» **ASSIGNMENT**: Go to the line containing "ORAS Ubers] - Mega" below; retype it and all following lines exactly, and leave out the pictures.

» **INFORMATION SHOWN**:
==*==
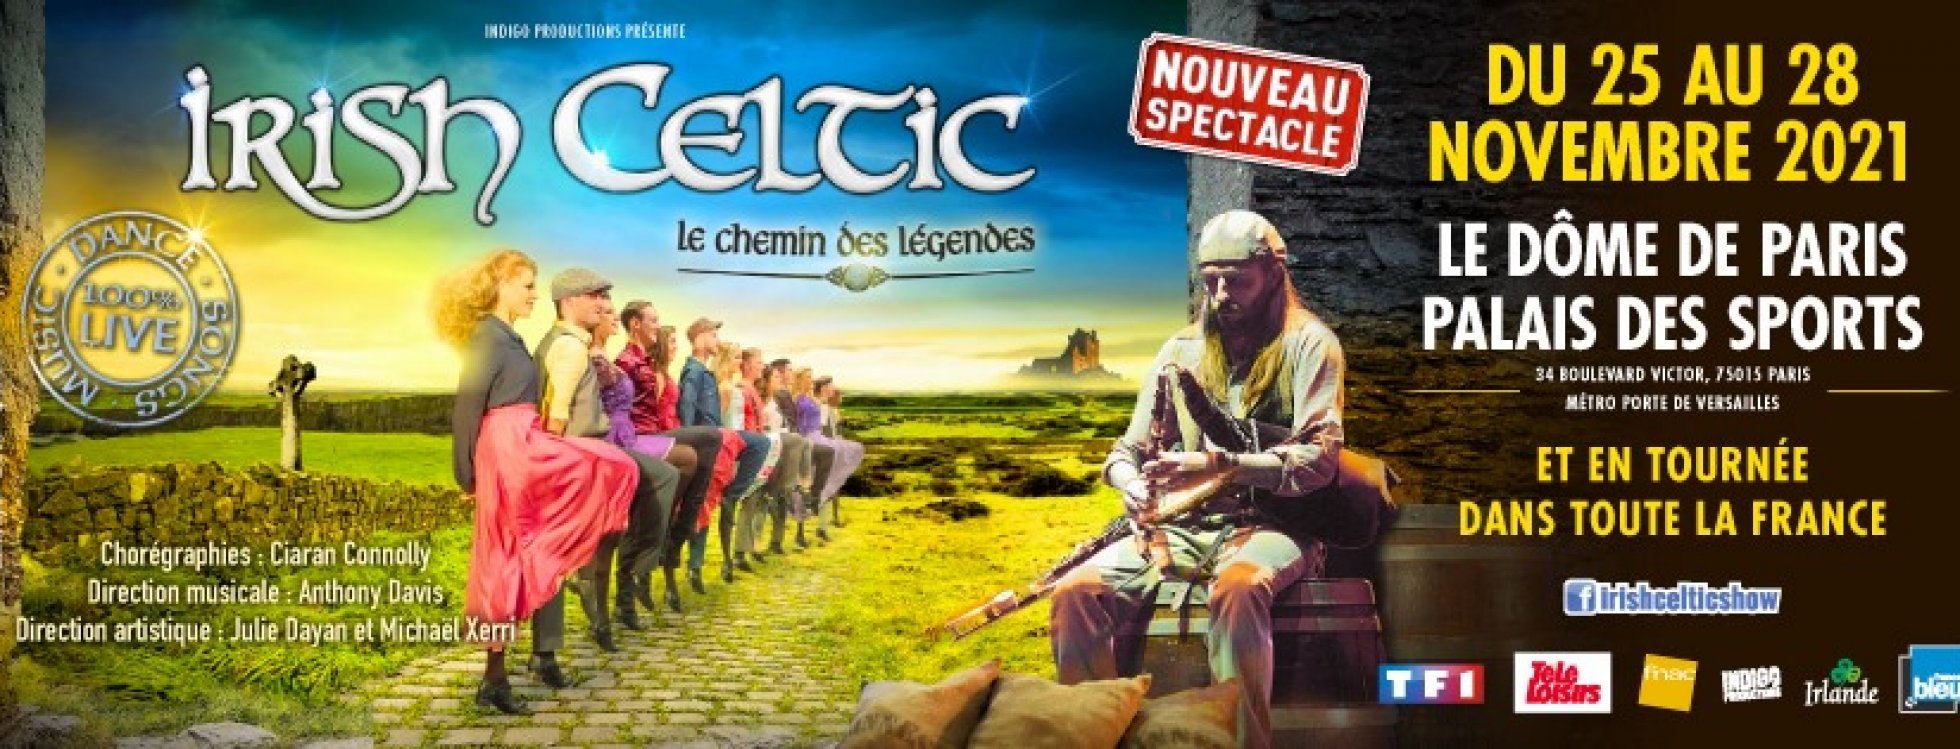 dome de paris : IRISH CELTIC
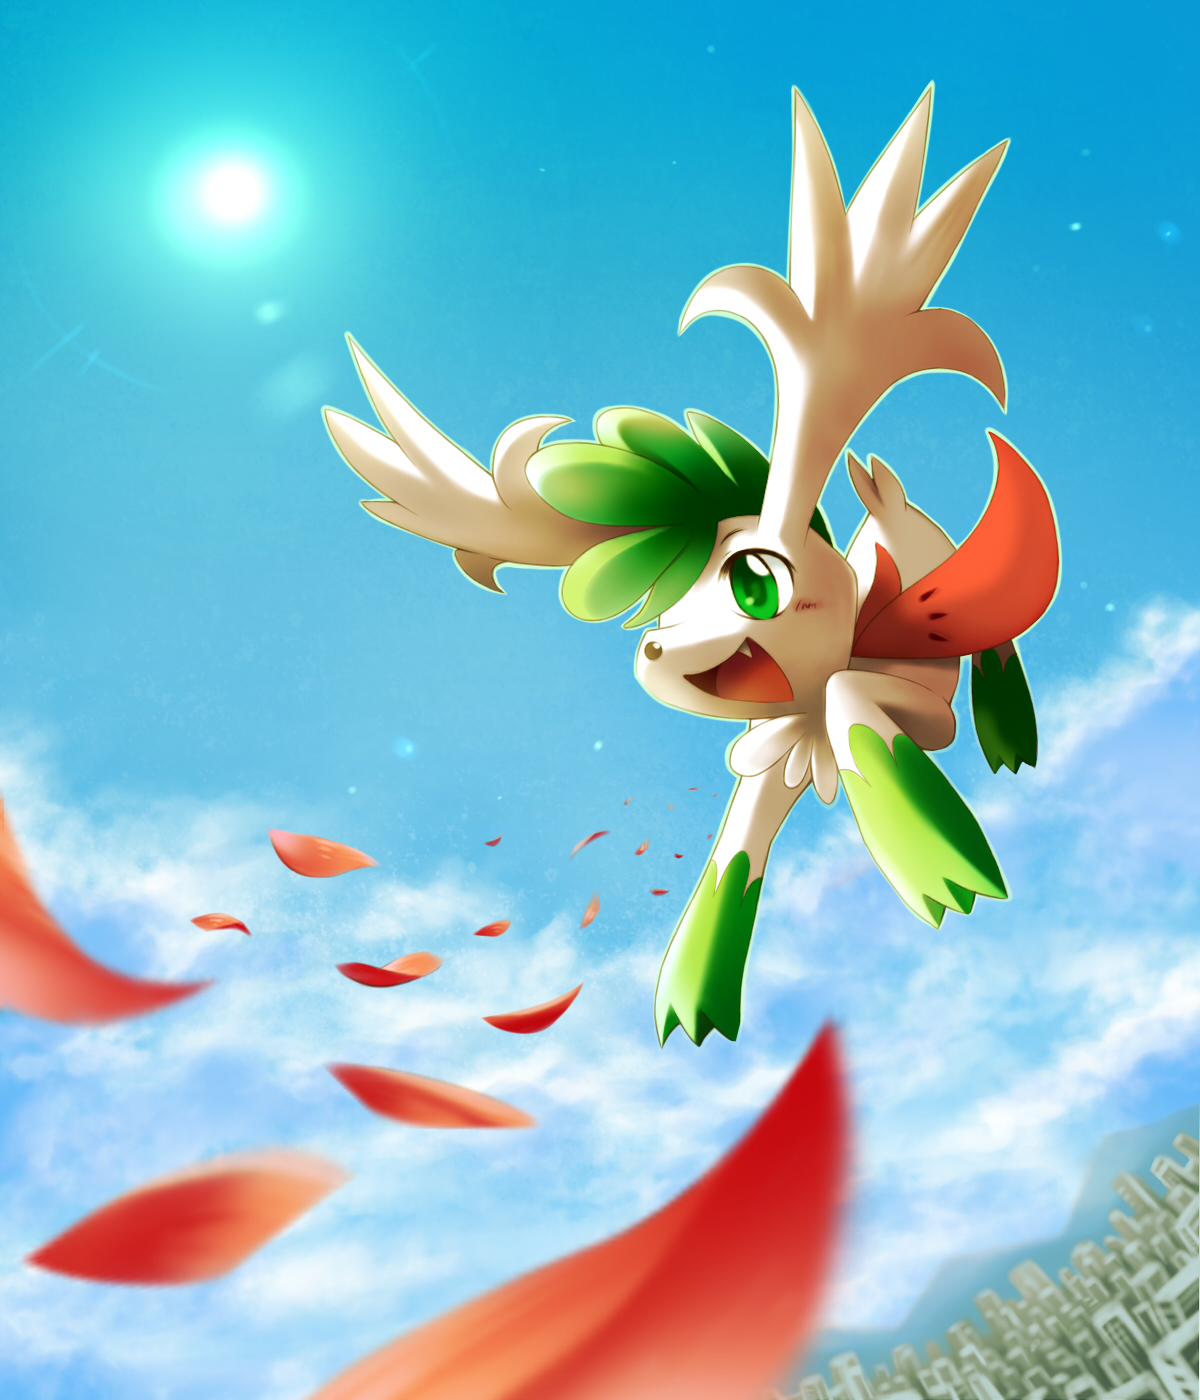 ORAS Ubers] - Mega Gengar Ft. Shaymin-Sky | Pokémon Online
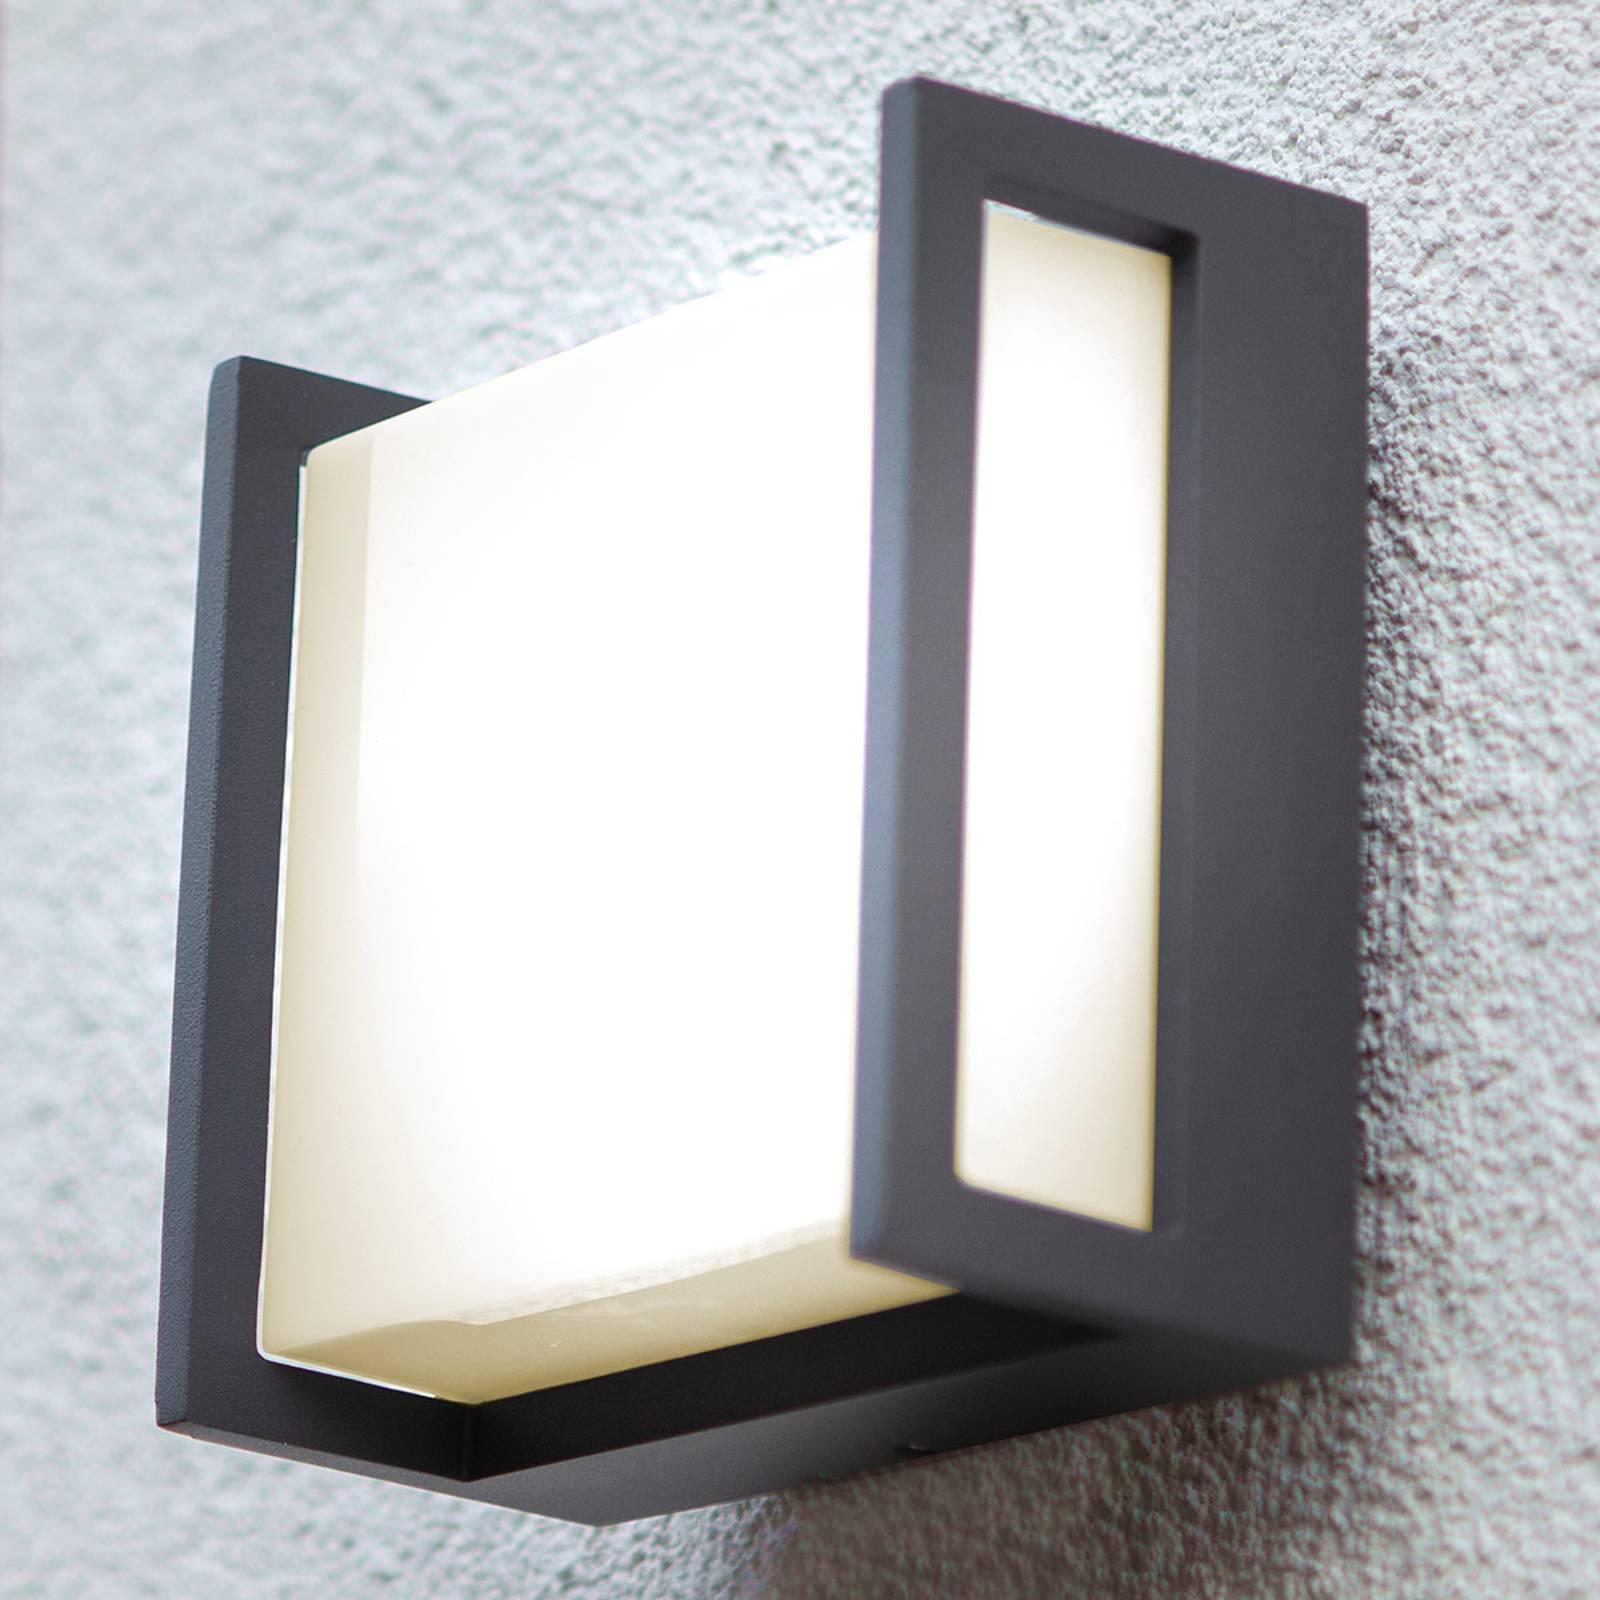 LED buitenwandlamp Qubo, 14cm x 14cm
==*==
» **RESPONSE BELOW**:
 ORAS Ubers] - Mega Gengar Ft. Shaymin-Sky | Pokémon Online
 LED buitenwandlamp Qubo, 14cm x 14cm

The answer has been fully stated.